Revised European guideline for chronic heart failure
The European Society of Cardiology has released updated guidelines for the diagnosis and treatment of chronic heart failure. These guidelines were presented at the Heart Failure Congress 2012 in Belgrade.
The old guideline dates from 2008. The guidelines for treatment have been adjusted on several fronts.

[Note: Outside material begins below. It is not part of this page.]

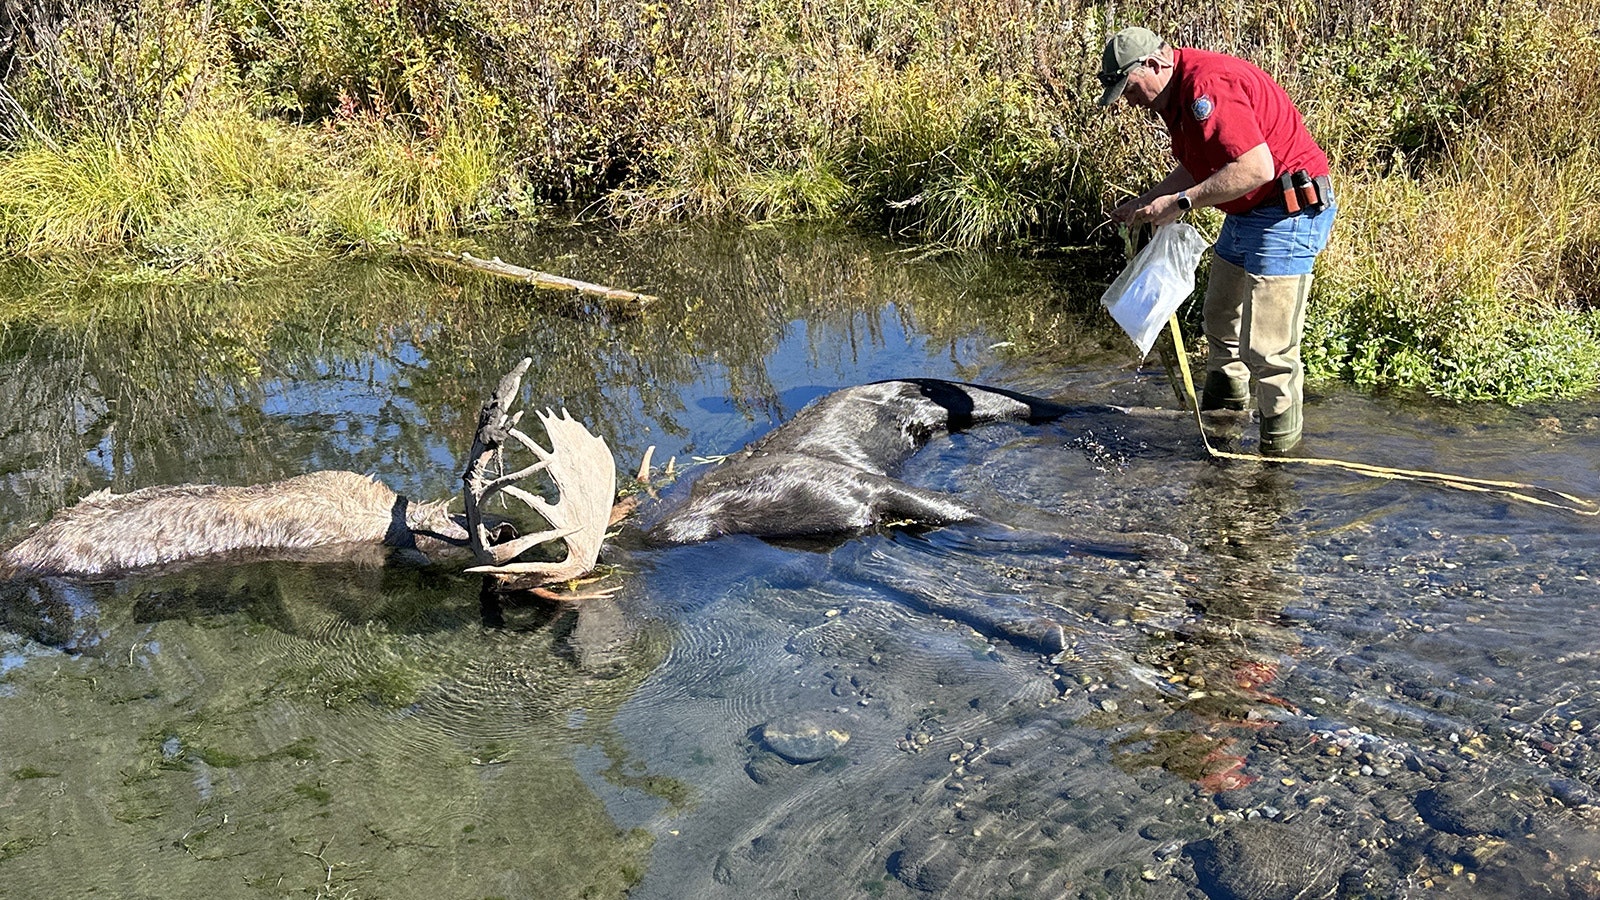 Wyoming Game and Fish Department South Jackson Game Warden Kyle Lash prepares to pull two mature bull moose with locked antlers from Fish Creek near Wilson.

That's how . makes the guideline in the field of diagnostics, the mid-regional pro-A-type natriuretic peptide as a biomarker has been reported for the first time.
Surgery
In the treatment section, the application of left ventricular assist devices (LVAD) has been expanded. Until now, these support devices were only advised as a temporary measure while waiting for a heart transplant. However, due to the increased reliability and reduction of complications, an LVAD can now also be used for permanent treatment in a selected group of patients. Mild symptoms of heart failure are a new indication for the use of cardiac resynchronization therapy (CRT). Research is also more clear about the expected effects of CRT. Patients with left bundle branch block QRS morphology and sinus rhythm benefit most from CRT and patients with non-left bundle branch block QRS morphology or atrial fibrillation have a less clear benefit from treatment. For the treatment of severe aortic valve stenosis, the guideline makes the first mention of transcatheter aortic valve replacement.
Pharmacotherapy
In pharmacotherapeutic treatment, the guideline recommends that the dose of beta-blockers should first be maximized to lower the heart rate before other frequency-lowering agents are added. “Beta blockers are well-established drugs that are more effective and less expensive,” said John Mc Murray, chair of the ESC Clinical Practice Guidelines Task Force.
New indications
Two new indications for pharmacotherapeutic treatment have been added. The range of indications for mineralocorticoid receptor antagonists (MRA) such as eplerenone is extensive. It may be given additionally if symptoms persist with standard treatment of an ACE inhibitor or ARB and a beta-blocker. And in patients with reduced ejection fraction and sinus rhythm who maintain a high heart rate despite treatment with a maximum dose of beta-blocker, ACE-inhibitor and MRA, ivabradine can be added to the treatment.